__WHAT NEEDS TO BE DONE__
The complete listing that follows is to be set down again, exactly as it appears.

__MATERIAL PROVIDED__
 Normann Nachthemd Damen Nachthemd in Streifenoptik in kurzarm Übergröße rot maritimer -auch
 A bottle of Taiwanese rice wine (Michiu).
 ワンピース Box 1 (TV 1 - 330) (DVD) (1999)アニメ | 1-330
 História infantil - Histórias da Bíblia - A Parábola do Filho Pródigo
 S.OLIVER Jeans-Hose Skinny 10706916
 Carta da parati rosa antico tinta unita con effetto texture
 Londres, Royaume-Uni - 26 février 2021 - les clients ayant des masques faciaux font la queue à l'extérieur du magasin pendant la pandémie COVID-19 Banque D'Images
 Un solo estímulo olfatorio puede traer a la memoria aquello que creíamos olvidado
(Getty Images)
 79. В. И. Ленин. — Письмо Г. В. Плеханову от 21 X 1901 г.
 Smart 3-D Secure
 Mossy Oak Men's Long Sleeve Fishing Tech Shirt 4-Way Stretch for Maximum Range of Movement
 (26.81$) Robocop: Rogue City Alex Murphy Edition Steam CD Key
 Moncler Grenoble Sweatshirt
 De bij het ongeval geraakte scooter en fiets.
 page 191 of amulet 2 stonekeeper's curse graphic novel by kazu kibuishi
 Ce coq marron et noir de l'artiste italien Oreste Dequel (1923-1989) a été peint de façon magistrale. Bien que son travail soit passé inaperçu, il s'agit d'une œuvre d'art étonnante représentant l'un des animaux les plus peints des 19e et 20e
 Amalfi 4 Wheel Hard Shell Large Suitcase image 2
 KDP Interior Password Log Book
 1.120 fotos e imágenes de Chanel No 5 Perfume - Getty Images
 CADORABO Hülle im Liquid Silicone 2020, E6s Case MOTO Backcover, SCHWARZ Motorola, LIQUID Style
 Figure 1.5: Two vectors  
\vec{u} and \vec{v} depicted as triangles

__ANSWER TO THIS PROBLEM__
 Normann Nachthemd Damen Nachthemd in Streifenoptik in kurzarm Übergröße rot maritimer -auch
 A bottle of Taiwanese rice wine (Michiu).
 ワンピース Box 1 (TV 1 - 330) (DVD) (1999)アニメ | 1-330
 História infantil - Histórias da Bíblia - A Parábola do Filho Pródigo
 S.OLIVER Jeans-Hose Skinny 10706916
 Carta da parati rosa antico tinta unita con effetto texture
 Londres, Royaume-Uni - 26 février 2021 - les clients ayant des masques faciaux font la queue à l'extérieur du magasin pendant la pandémie COVID-19 Banque D'Images
 Un solo estímulo olfatorio puede traer a la memoria aquello que creíamos olvidado
(Getty Images)
 79. В. И. Ленин. — Письмо Г. В. Плеханову от 21 X 1901 г.
 Smart 3-D Secure
 Mossy Oak Men's Long Sleeve Fishing Tech Shirt 4-Way Stretch for Maximum Range of Movement
 (26.81$) Robocop: Rogue City Alex Murphy Edition Steam CD Key
 Moncler Grenoble Sweatshirt
 De bij het ongeval geraakte scooter en fiets.
 page 191 of amulet 2 stonekeeper's curse graphic novel by kazu kibuishi
 Ce coq marron et noir de l'artiste italien Oreste Dequel (1923-1989) a été peint de façon magistrale. Bien que son travail soit passé inaperçu, il s'agit d'une œuvre d'art étonnante représentant l'un des animaux les plus peints des 19e et 20e
 Amalfi 4 Wheel Hard Shell Large Suitcase image 2
 KDP Interior Password Log Book
 1.120 fotos e imágenes de Chanel No 5 Perfume - Getty Images
 CADORABO Hülle im Liquid Silicone 2020, E6s Case MOTO Backcover, SCHWARZ Motorola, LIQUID Style
 Figure 1.5: Two vectors  
\vec{u} and \vec{v} depicted as triangles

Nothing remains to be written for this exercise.